According to separate Law Ministry notifications, justices Krishna Murari, SR Bhat, V Ramasubramanian and Hrishikesh Roy were appointed as judges of the top court.
The Supreme Court Collegium had recommended their names to the government last month.
Justices V Ramasubramanian and Krishna Murari head the Himachal Pradesh and Punjab and Haryana high courts respectively.
Justices S Ravindra Bhat and Hrishikesh Roy head the Rajasthan and Kerala high courts respectively.
With a huge backlog of cases in the top court, the government had recently increased the strength of its judges from 31 to 34, including the Chief Justice of India.
As of today, the apex court has 30 judges. Once the new judges take oath, the strength will go up to 34, the highest ever.
The sanctioned strength of SC judges was increased days after Chief Justice of India Ranjan Gogoi wrote to Prime Minister Narendra Modi to increase the number of judges in the top court.
According to a written reply by the Law Ministry to a Rajya Sabha question on July 11, 59,331 cases are pending in the top court.
Due to paucity of judges, the required number of constitution benches to decide important cases involving questions of law were not being formed, the CJI said.
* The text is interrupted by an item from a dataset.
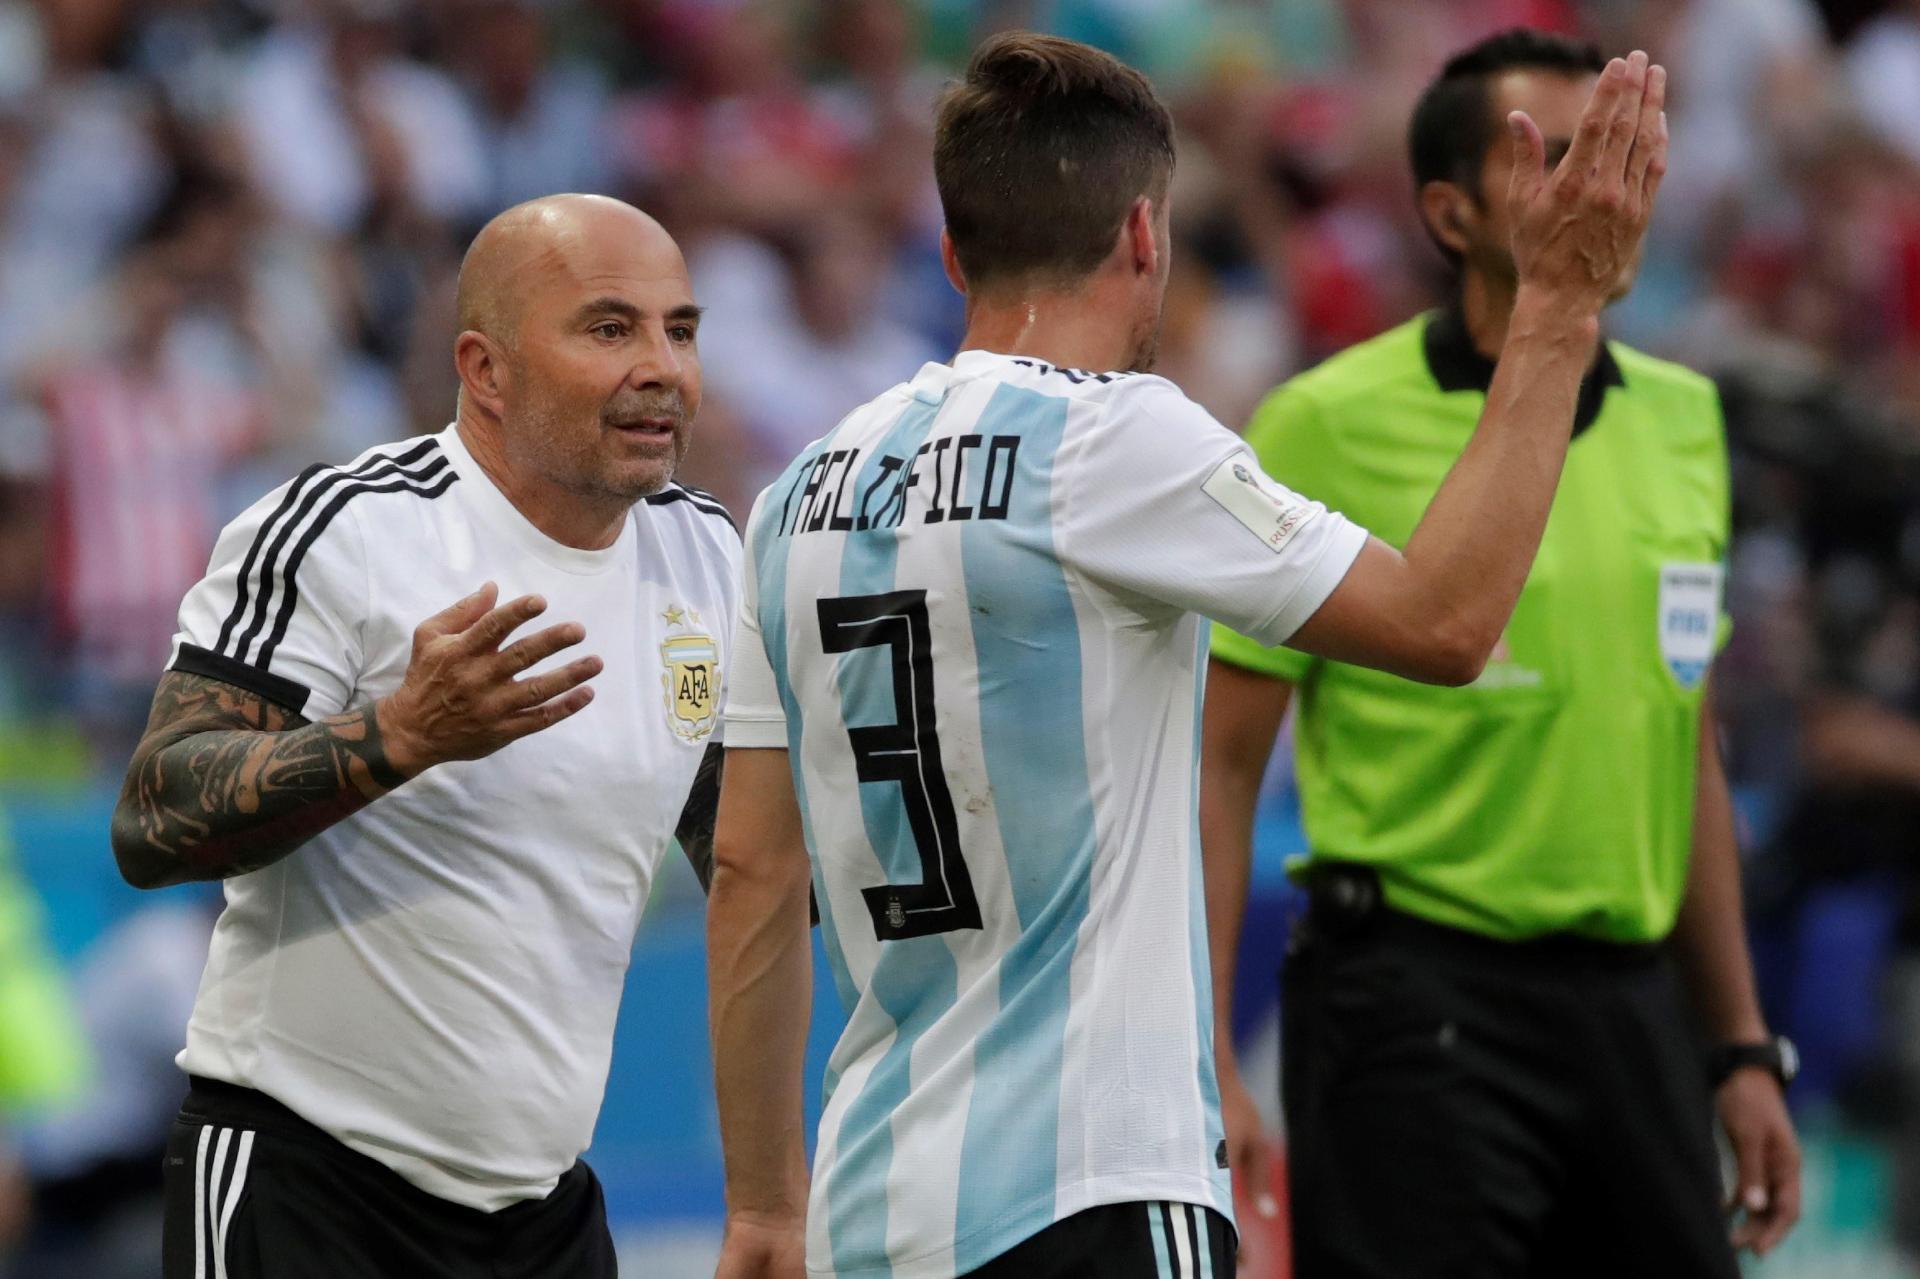 Argentina na Copa 2018  AFA diz não querer, mas Sampaoli insiste em ficar,  e Argentina vive impasse - UOL Copa do Mundo 2018 6253cc6f20

“You would recall that way back in 1988, about three decades ago, the judge strength of the SC was increased from 18 to 26, and then again after two decades in 2009, it was increased to 31, including the CJI, to expedite disposal of cases to keep pace with the rate of institution,” he wrote.
“I request you to kindly consider, on top priority, to augment the judge-strength in the SC appropriately so that it can function more efficiently and effectively as it will go a long way to attain the ultimate goal of rendering timely justice to the litigant public,” Gogoi wrote.
Some of the consultee judges are learnt to have questioned the recommendation to elevate some of the candidates who are lower in the order in the all-India seniority list.
Consultee judges are those who have earlier served in courts where the candidate judges are currently posted. The views of consultee judges are not binding on the collegium.
The Supreme Court (Number of Judges) Act, 1956 originally provided for a maximum of ten judges (excluding the CJI).
This number was increased to 13 by the Supreme Court (Number of Judges) Amendment Act, 1960, and to 17 in 1977.
The working strength of the Supreme Court was, however, restricted to 15 judges by the cabinet (excluding the chief Justice of India) till the end of 1979. But the restriction was withdrawn at the request of the chief justice of India.
In 1986, the strength of the top court was increased to 25, excluding the CJI. Subsequently, the Supreme Court (Number of Judges) Amendment Act, 2009 further augmented the strength of the court from 25 to 30.